Linear regression is often used to predict outputs' values for new samples. XLSTAT enables you to characterize the quality of the model for prediction before you use the regression equation.

To go further: limitations of the Ordinary Least Squares regression

The limitations of the OLS regression come from the constraint of the inversion of the X’X matrix: it is required that the rank of the matrix is p+1, and some numerical problems may arise if the matrix is not well behaved. XLSTAT uses algorithms due to Dempster (1969) that allow circumventing these two issues: if the matrix rank equals q where q is strictly lower than p+1, some variables are removed from the model, either because they are constant or because they belong to a block of collinear variables.

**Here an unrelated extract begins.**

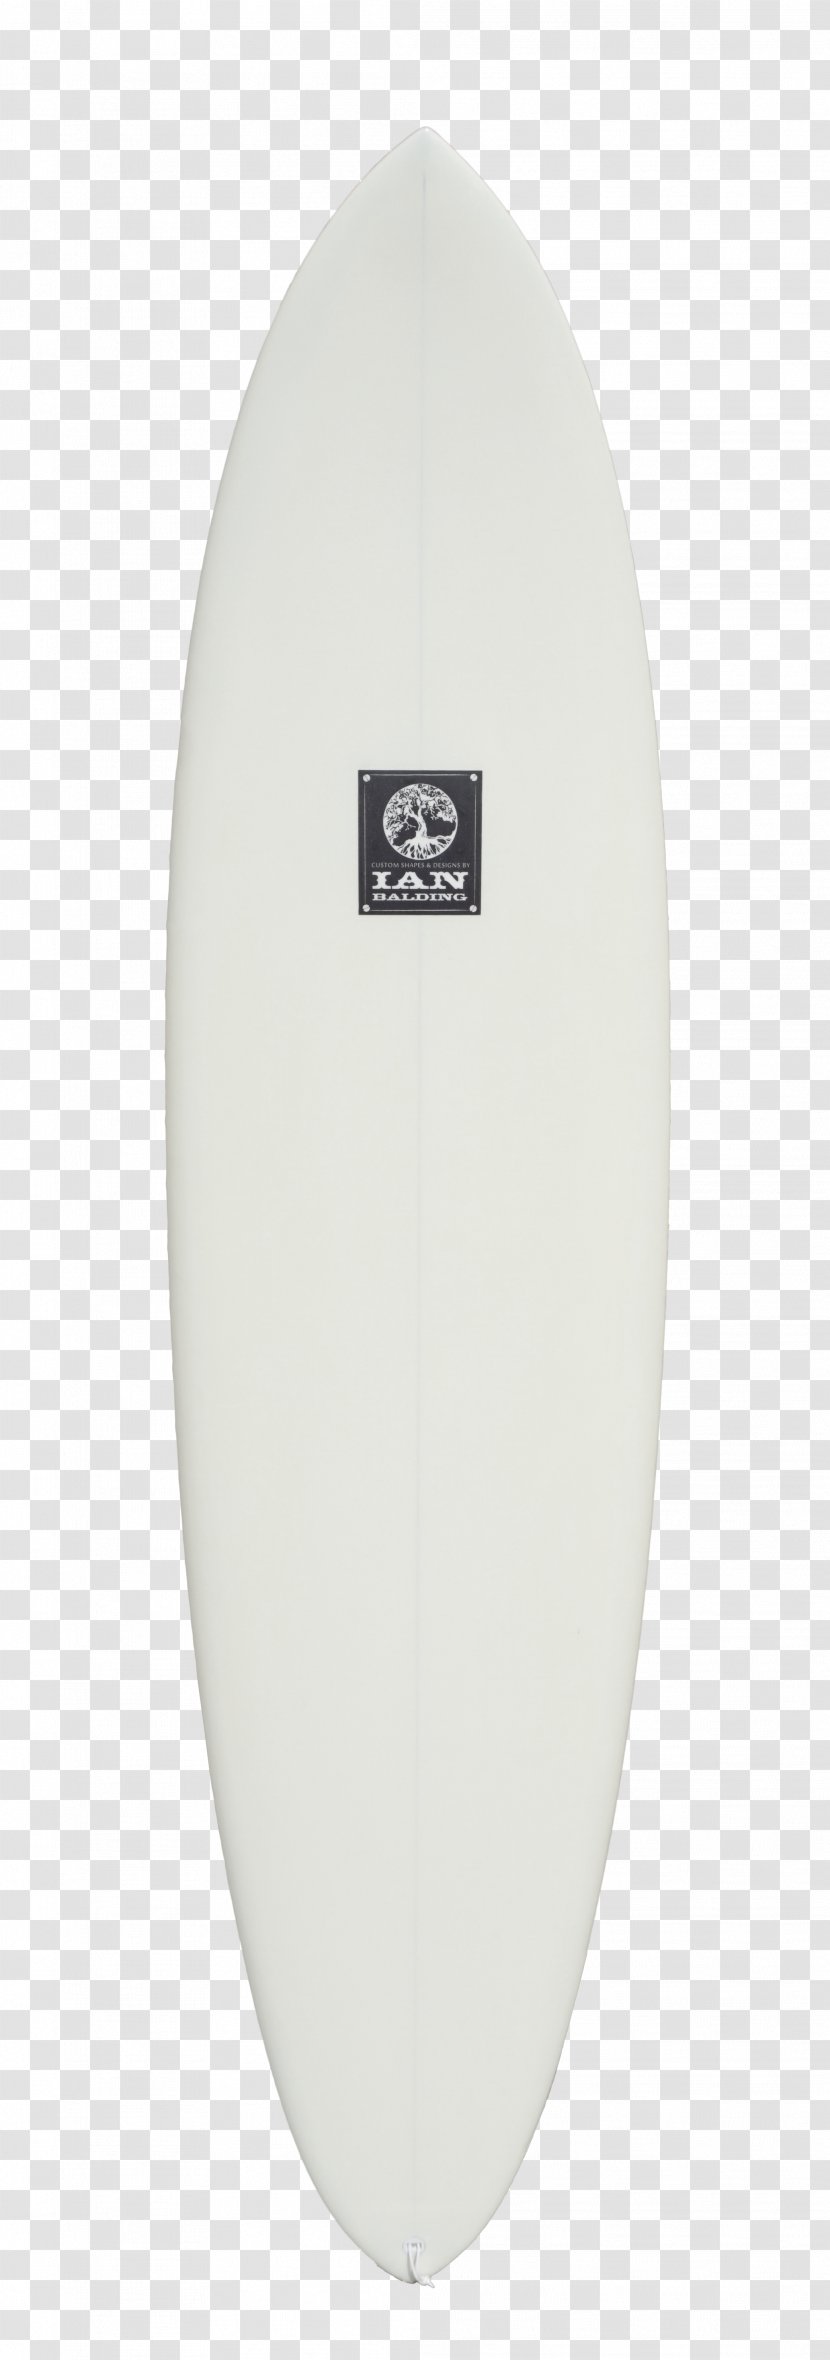 Surfboard Paddleboarding Wood Product Design - Material - White Transparent PNG

What are the advantages of OLS: variable selection

An automatic selection of the variables is performed if the user selects a too high number of variables compared to the number of observations. The theoretical limit is n-1, as with greater values the X’X matrix becomes non-invertible due to multicollinearity.

The deleting of some of the variables may however not be optimal: in some cases we might not add a variable to the model because it is almost collinear to some other variables or to a block of variables, but it might be that it would be more relevant to remove a variable that is already in the model and to the new variable.

For that reason, and also in order to handle the cases where there are a lot of explanatory variables or issues like multicollinearity, other methods have been developed such as Partial Least Squares regression (PLS).